If the plant is evergreen then the bottom 5cm of leaves/needles are stripped from the scion and a sliver of stem removed about 3cm from the base of the scion, so it is the same size as the cut in the rootstock (cut 3). The scion is then fitted into the cut in the rootstock ensuring that the cambium matches up.

The two pieces are then bound together firmly, but not too tightly, with grafting tape, rafia, or rubber grafting bands and the area should be sealed with grafting wax or wound sealant so it is completely covered.

After about 3 months’ growth and once the scion has put on at least 1cm of new growth (this timescale will vary from plant to plant) the top growth from the roostock should be removed in one or two stages, until the only top growth remaining is that from the scion.

Side-wedge graftSide-wedge graft

This works on the same principle as the apical-wedge graft, with a slit being made in the rootstock and the scion being cut to form a wedge to put into it, however it is made on the side rather than apex of the sections.

A single, downwards cut is made into the rootstock, going about a quarter into the width of the rootstock (cut 1).

The base of the scion (which has 2 or 3 buds on it) is cut twice (cuts 2 and 3) into a V shape, but where one side is slightly longer than the other. The scion is then wedged into the slot in the rootstock, with the longer scion cut against the rootstock’s stem and the shorter cut lining up with the lip of the rootstock’s stem cut.

T-buddingT-budding

This is the most common grafting method used for modern roses and is generally done in the field. The bud is taken from a vigorous, young scion stem from which the soft top growth and leaves have been removed, but the leaf stalks are retained as these will provide ‘handles’ by which to hold the bud.

Once the stem is ready for the buds to be removed, the rootstock should be prepared. Clear the soil from the base of the rootstock  stem and clean the stem to remove the soil and any debris.

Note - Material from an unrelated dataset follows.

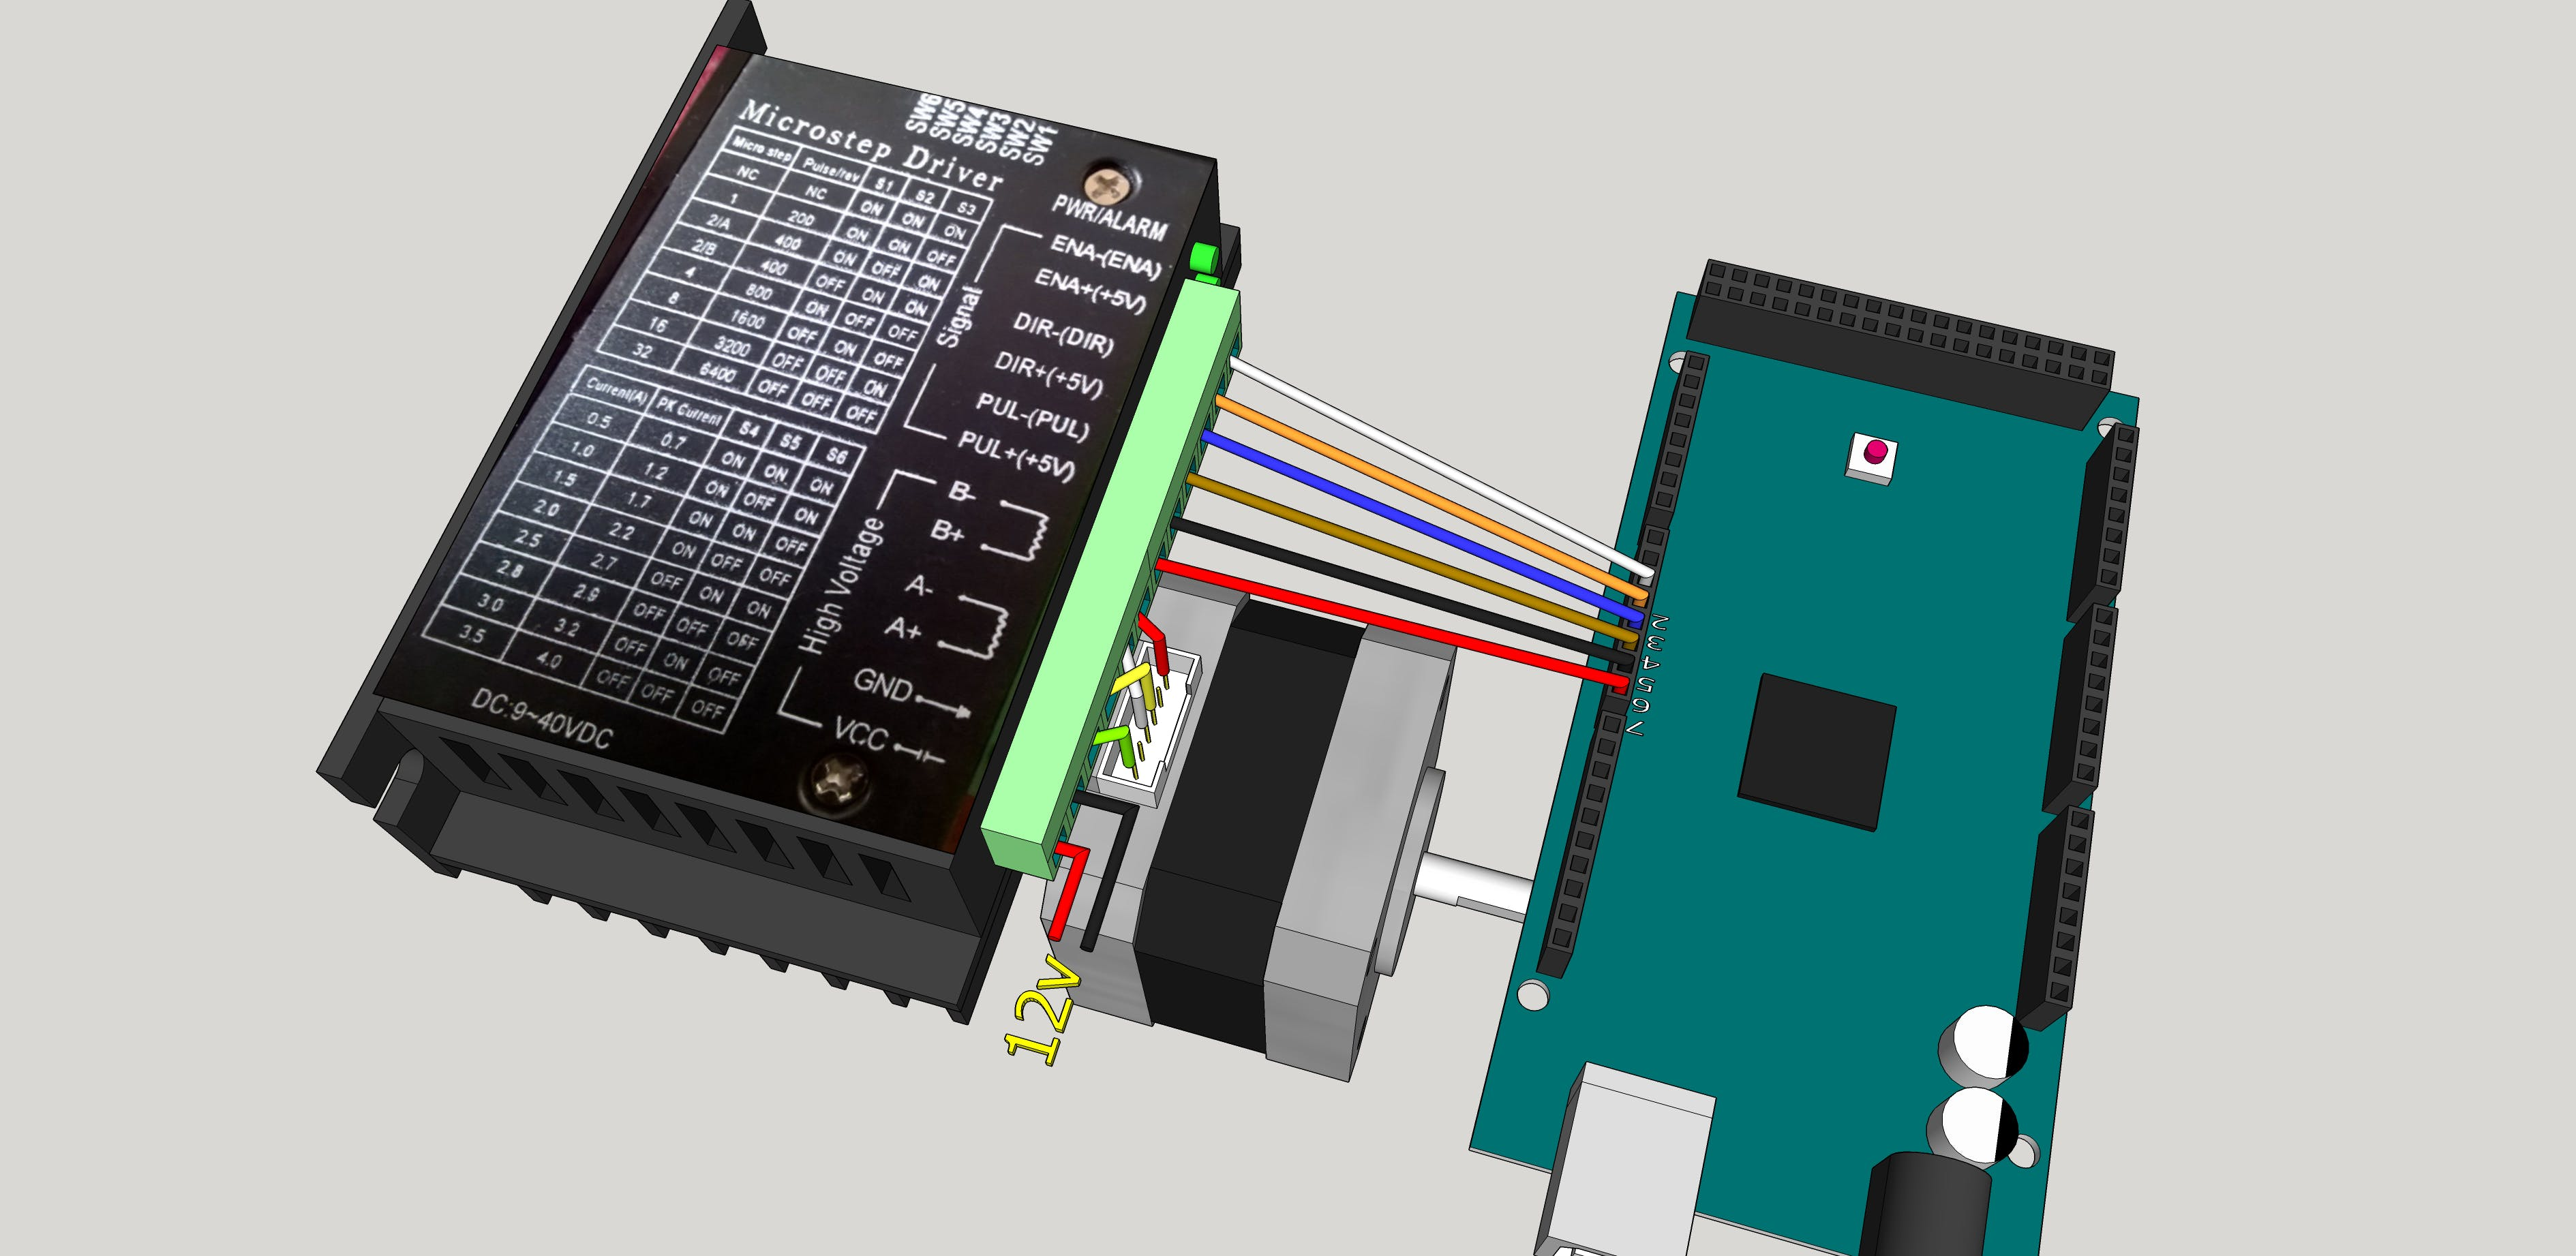 tb6600 stepper motor driver tester

A 5mm horizontal cut is made at the base of the rootstock (cut 1), then a vertical cut is made upwards to meet the first cut (cut 2), so it forms a T. The bark is gently pealed back from each side of the T, using the blunt edge of the knife, forming a little ‘pocket’.

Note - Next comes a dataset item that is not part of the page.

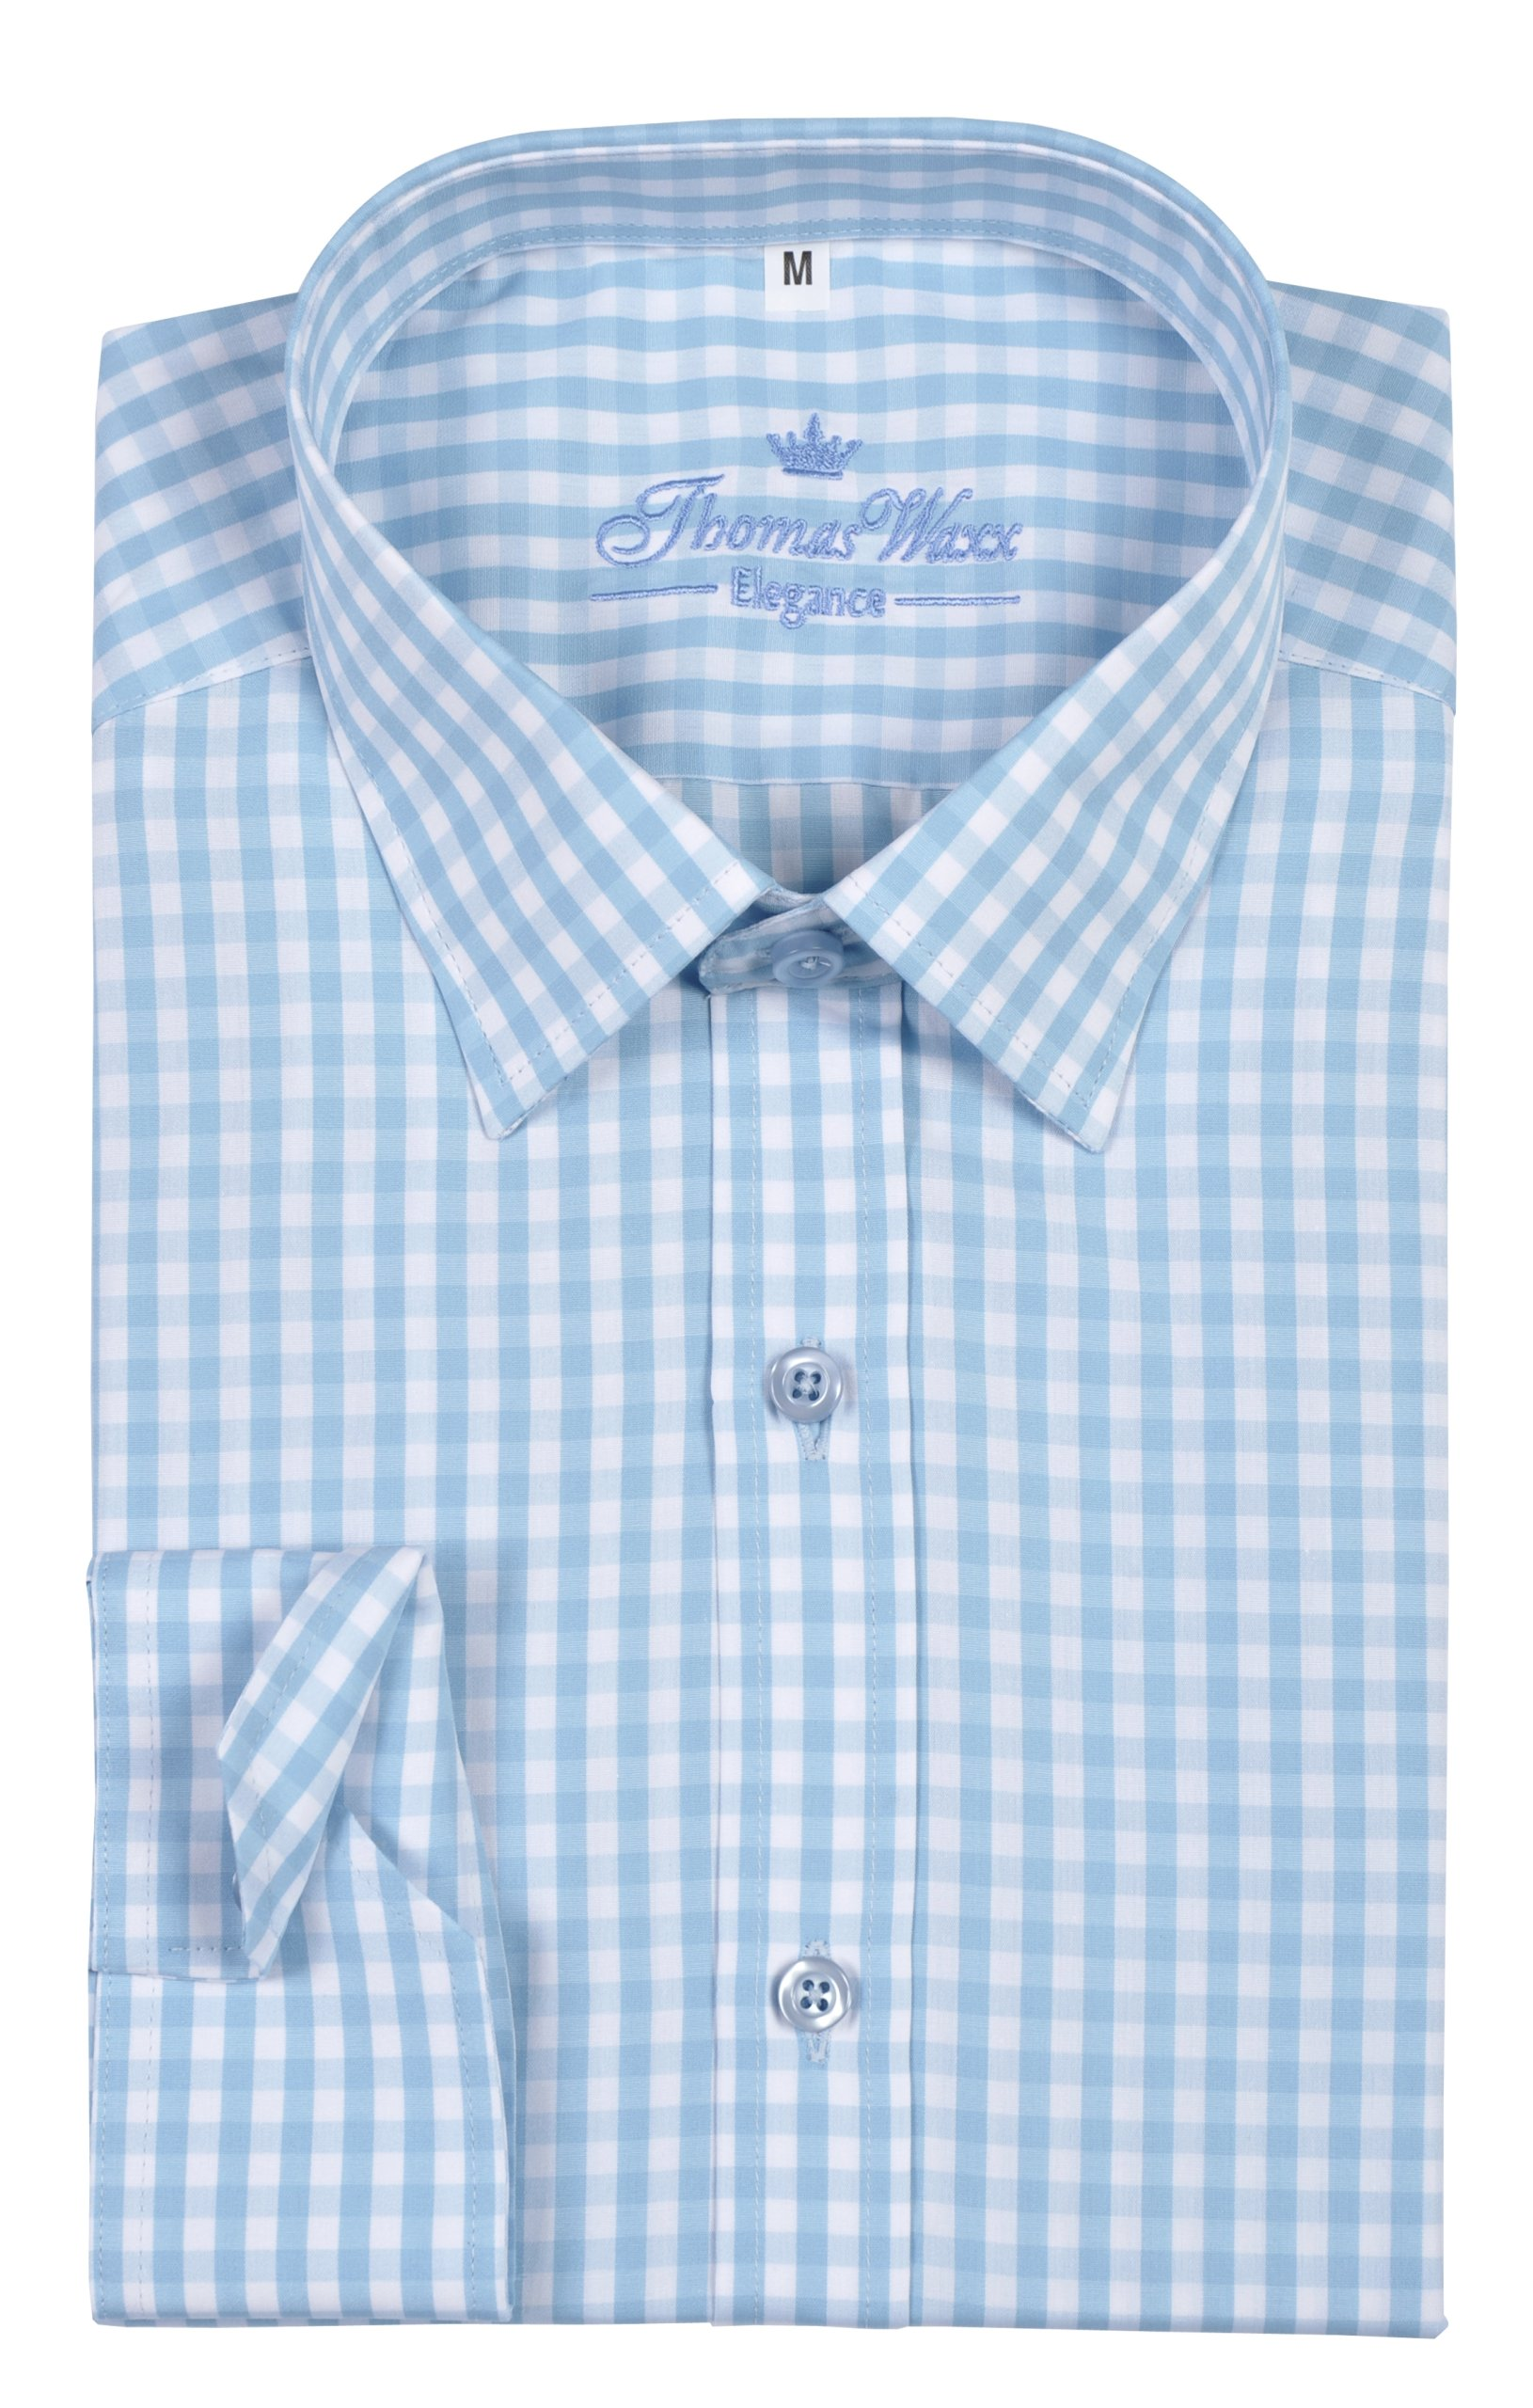 Koszula Męska Thomas Waxx XL , różne wzory 7247546481  o6QxH

Now that the rootstock is ready the buds can be taken from the scion stem. Holding one of the leaf stalks with the buds facing upwards, insert the knife about 5mm above the leaf stalk and cut downwards to remove the leaf stalk and about 2.5cm of stem below it. This should be done with a ’scooping’ motion.

Continuing to hold the bud by its tail, carefully peel away the pithy wood which is on the inside of the bud and trim the bottom of the bud so the whole piece is about 1cm long.

The bud is then slid into the T cut on the rootstock, trimming off the top of the bud if it sticks out of the top of the T cut.

A rubber grafting patch should be used to hold the bud in place and protect it from the elements. In colder areas, earth up the soil around the graft area to protect it from frost, uncovering it in the spring. The rubber patch will gradually rot off, revealing the (hopefully!) unified and growing bud. Once the bud is showing a good union and strong growth the rootstock growth can be removed (for roses this is done in early spring when the plant is dormant).

Chip-buddingChip-budding

The stems which the buds are to come from for chip-budding and the rootstock should be initially prepared in the same was as for T-budding.

The chip-bud should be cut off the stem, starting at the base of the stem, by making a slanted cut into the stem about 2cm below the bud and to a depth of 5mm (cut 1). Then cut into the stem about 4cm above the first cut, drawing the knife down the stem to join the end of the first cut (cut 2).

The rootstock should be prepared with a shallow cut of the same length as the chip-bud (cut 3) and finished by a short inwards cut (cut 4).

The chip-bud can then be placed into the cut in the rootstock (if it’s smaller than the rootstock ensure that the cambium is lined up at least on one side), and bound using grafting tape.

Once the graft union has formed the grafting tape can be removed (generally this takes up to 2 months) and the rootstock’s top growth removed in the late winter or early spring following grafting, once the bud is growing strongly.